2. The method of claim 1 , wherein the amended document and the encrypted sensitive component are transmitted to the one or more endpoints as separate payloads.
3. The method of claim 2 , wherein the separate payloads are associated with a common parent node in a message transmitted to the one or more endpoints.
4. The method of claim 1 , wherein the amended document and the encrypted sensitive component are transmitted to the one or more endpoints as separate transmissions.
5. The method of claim 4 , further comprising sending an encryption key for the encrypted sensitive component to a key store.
6. The method of claim 1 , wherein identifying the sensitive component of the document based on the one or more rules comprises one or more of:
analyzing one or more structural elements of the document based on the one or more rules; or
comparing text in the document to one or more patterns based on the rules.
7. The method of claim 1 , wherein the one or more rules specify a type of encryption to use for encrypting the sensitive component of the document.
8. The method of claim 7 , further comprising:
identifying an additional sensitive component of the document based on one or more additional rules; and
encrypting the additional sensitive component using a different type of encryption specified in the one or more additional rules, wherein the different type of encryption is different than the type of encryption used for encrypting the sensitive component of the document.
9. A method for secure document reconstruction, comprising:
receiving, from a computing device:
an amended document;
an encrypted sensitive component; and
information relating to reconstructing a document based on the amended document and the encrypted sensitive component;
decrypting the encrypted sensitive component to produce a decrypted sensitive component;
determining, based on the information relating to reconstructing the document, a document location that corresponds to the decrypted sensitive component; and
reconstructing the document by inserting the decrypted sensitive component into the amended document at the document location.
10. The method of claim 9 , wherein the amended document and the encrypted sensitive component are received as separate payloads.
11. The method of claim 10 , wherein the separate payloads are associated with a common parent node in a message received from the computing device.
12. The method of claim 9 , wherein the amended document and the encrypted sensitive component are received as separate transmissions.

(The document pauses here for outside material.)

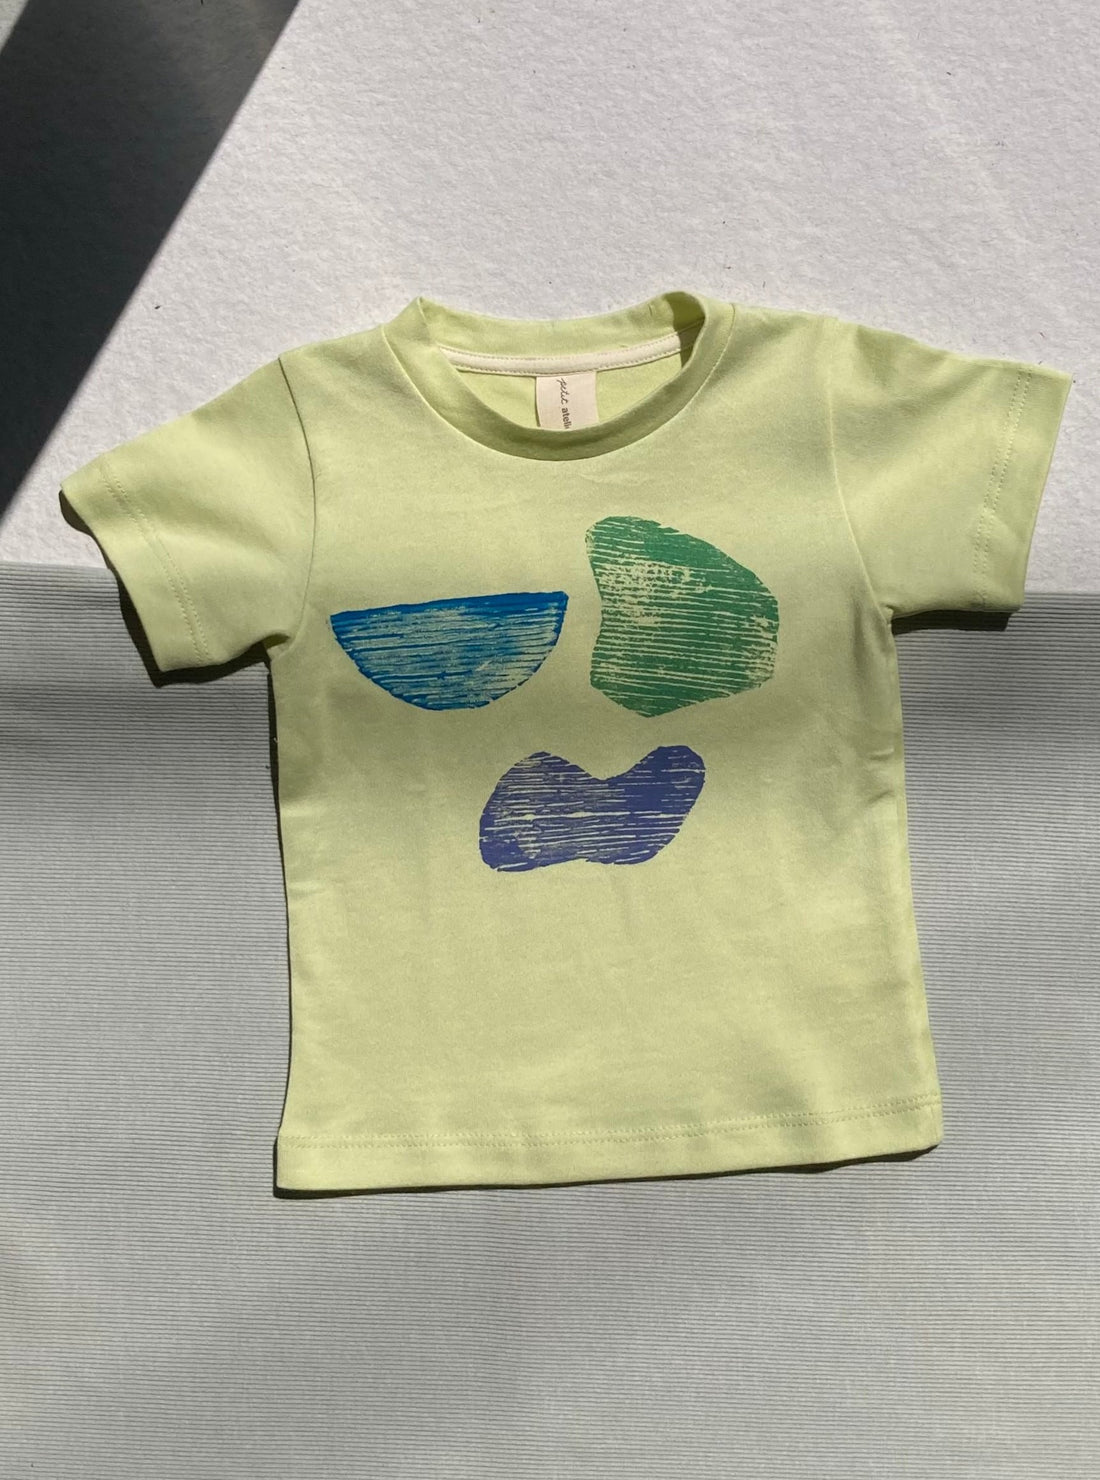 Kids t-shirt No2270k, printed by hand

13. A system for rule-based document security, comprising:
one or more processors; and
a memory comprising instructions that, when executed by the one or more processors, cause the system to:
identify a sensitive component of a document based on one or more rules;
encrypt the sensitive component of the document to produce an encrypted sensitive component;
replace the sensitive component in the document with a placeholder component to produce an amended document; and
transmit, to one or more endpoints:
the amended document;
the encrypted sensitive component; and
information relating to reconstructing the document based on the amended document and the encrypted sensitive component.
14. The system of claim 13 , wherein the amended document and the encrypted sensitive component are transmitted to the one or more endpoints as separate payloads.
15. The system of claim 14 , wherein the separate payloads are associated with a common parent node in a message transmitted to the one or more endpoints.
16. The system of claim 13 , wherein the amended document and the encrypted sensitive component are transmitted to the one or more endpoints as separate transmissions.
17. The system of claim 16 , wherein the instructions, when executed by the one or more processors, further cause the system to send an encryption key for the encrypted sensitive component to a key store.
18. The system of claim 13 , wherein identifying the sensitive component of the document based on the one or more rules comprises one or more of:
analyzing one or more structural elements of the document based on the one or more rules; or
comparing text in the document to one or more patterns based on the rules.
19. The system of claim 13 , wherein the one or more rules specify a type of encryption to use for encrypting the sensitive component of the document.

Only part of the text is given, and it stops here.